Image: Stockphoto

Uber and Taxify drivers join forces in protest, reports of traffic disruptions and intimidation

There’s a mutiny in the e-hailing industry with rivals Uber and Taxify now joining forces to protest unfair treatment.


Image: Stockphoto

South African’s are accustomed to striking taxi’s and their respective organizations, but it’s unusual for e-haling companies Taxify and Uber to be brought down by internal protests.

Especially when considering that both e-haling companies and drivers have been victims of violent attacks at the hands of the traditional taxi industry. It seems they’ve picked up a few tips in battle, and are now reportedly blocking traffic and intimidating non-striking drivers in Gauteng.

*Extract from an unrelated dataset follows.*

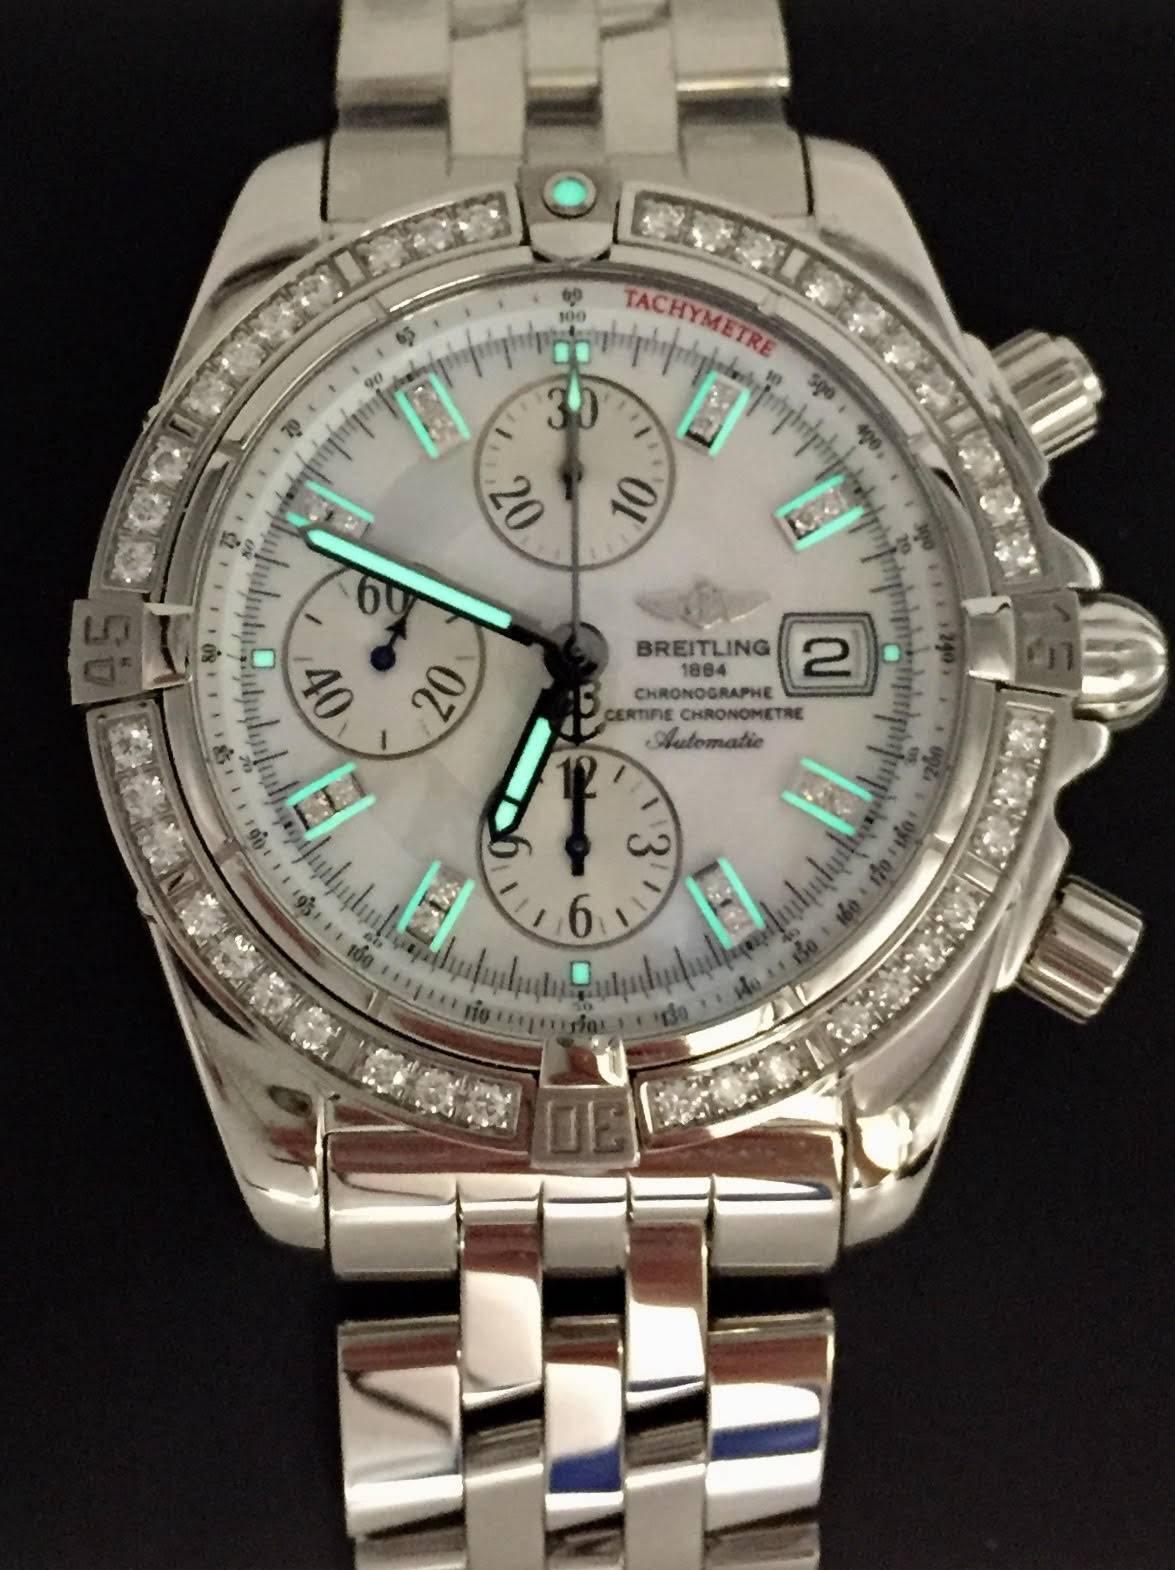 Breitling Stainless Mother-of-Pearl Diamond Evolution Chronometre Wristwatch 3

200 cars gathered at Zoo Lake

Uber and Taxify drivers joined forces early on Tuesday morning to protest the hiring of new drivers by the e-cab conglomerates. Striking drivers met at Zoo Lake in Johannesburg and dispatched participating members to various popular pick-up locations in a bid to convince online-drivers to join the protest action.

Sowetan Live reports that some non-conforming drivers had their cell phones confiscated and were prevented from collecting passengers.

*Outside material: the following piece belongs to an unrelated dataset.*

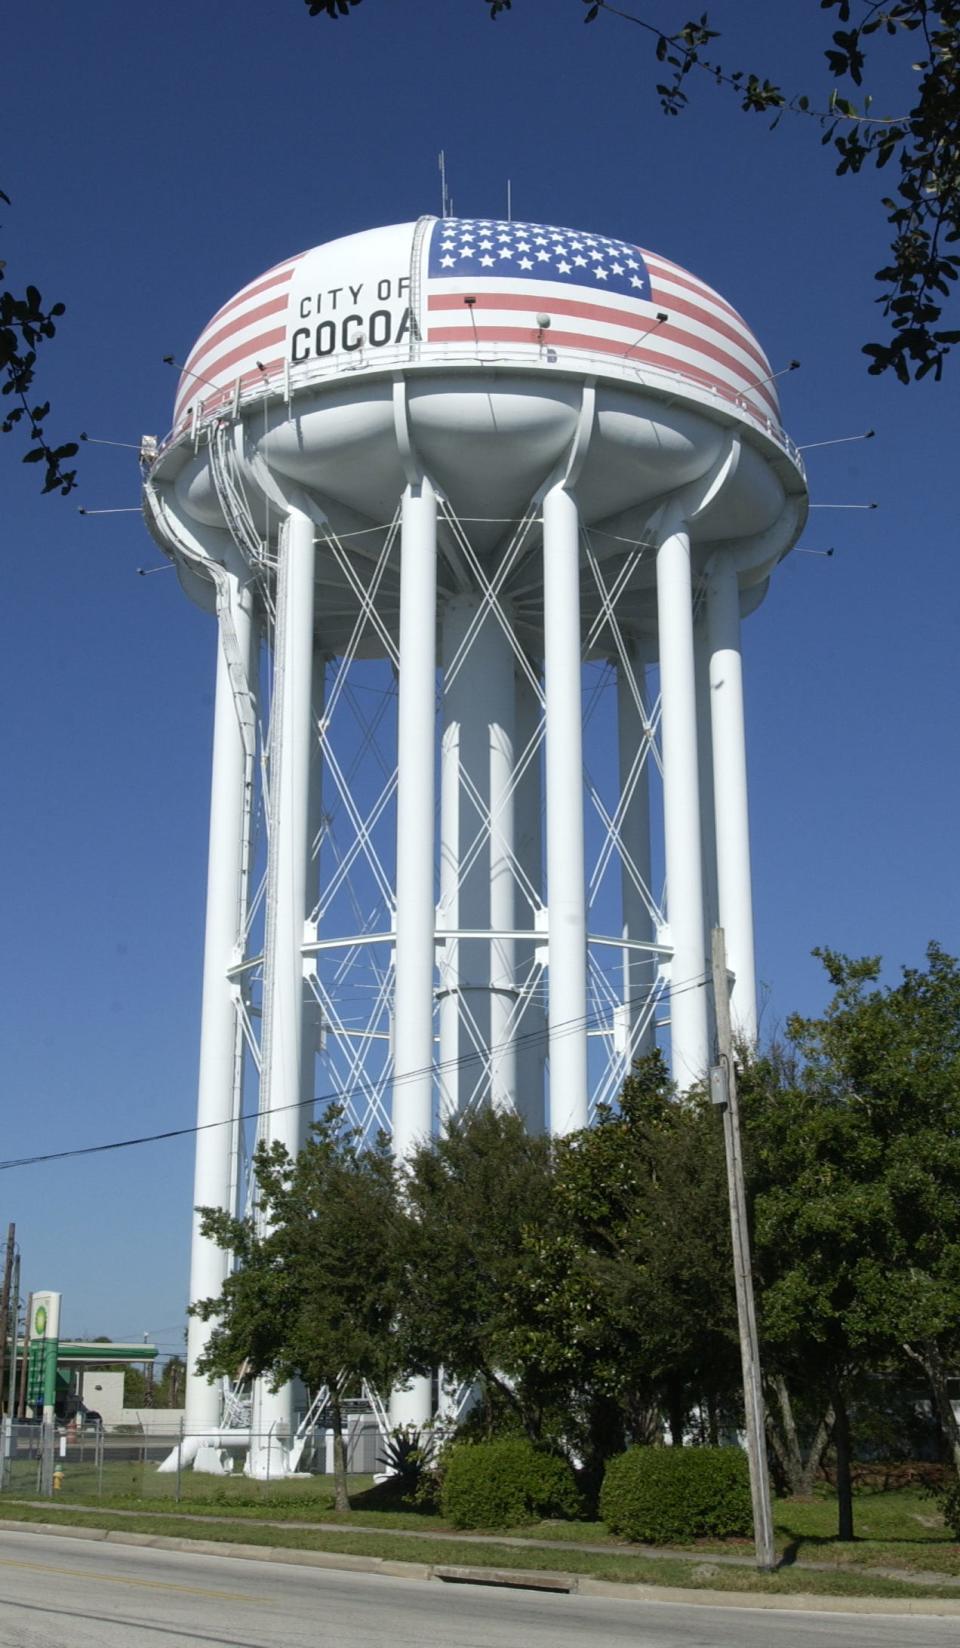 The Cocoa water tower's stars and stripes were originally painted as a gift to the city from a Greek immigrant.

While Times Live reports that dissenting Uber and Taxify drivers have commenced a ‘go-slow’ protest on the M1 highway North of Johannesburg, causing huge delays for motorists.

Uber and Taxify protesting drivers to deliver memorandums

Drivers from both companies are completing the go-slow all their way to their respective head offices, where they will be delivering a memorandum detailing their concerns.

Uber and Taxify: A long list of grievances

Protesting operators have various grievances which are addressed in the memorandums, but spoke to The Citizen concerning the main reasons behind the protest.

Vhatuka Mbelengwa, who represents an organisation involved in the strike known as the Groups Task Team, said:

“The fuel price is a national problem; we are simply saying that since the rise in the price we have seen no increases.”

Mbelengwa also complained about an influx of new drivers, saying that it spread the e-hailing pot too thin, and led to overworked conditions and increased vehicle maintenance.

Uber has released an official statement, stating:

“We respect driver-partners as valuable partners with a voice and a choice and we want driver-partners to feel they can talk to us about anything at any time.”

A text message regarding the proposed strike was circulated to Uber and Taxify drivers on Monday, it read:

“We are pleading with all drivers to go offline. If you are online, no one will be accountable for your loss, and your safety is not guaranteed.”

Both Uber and Taxify say they are willing to engage with drivers, and that their services are still available to commuters.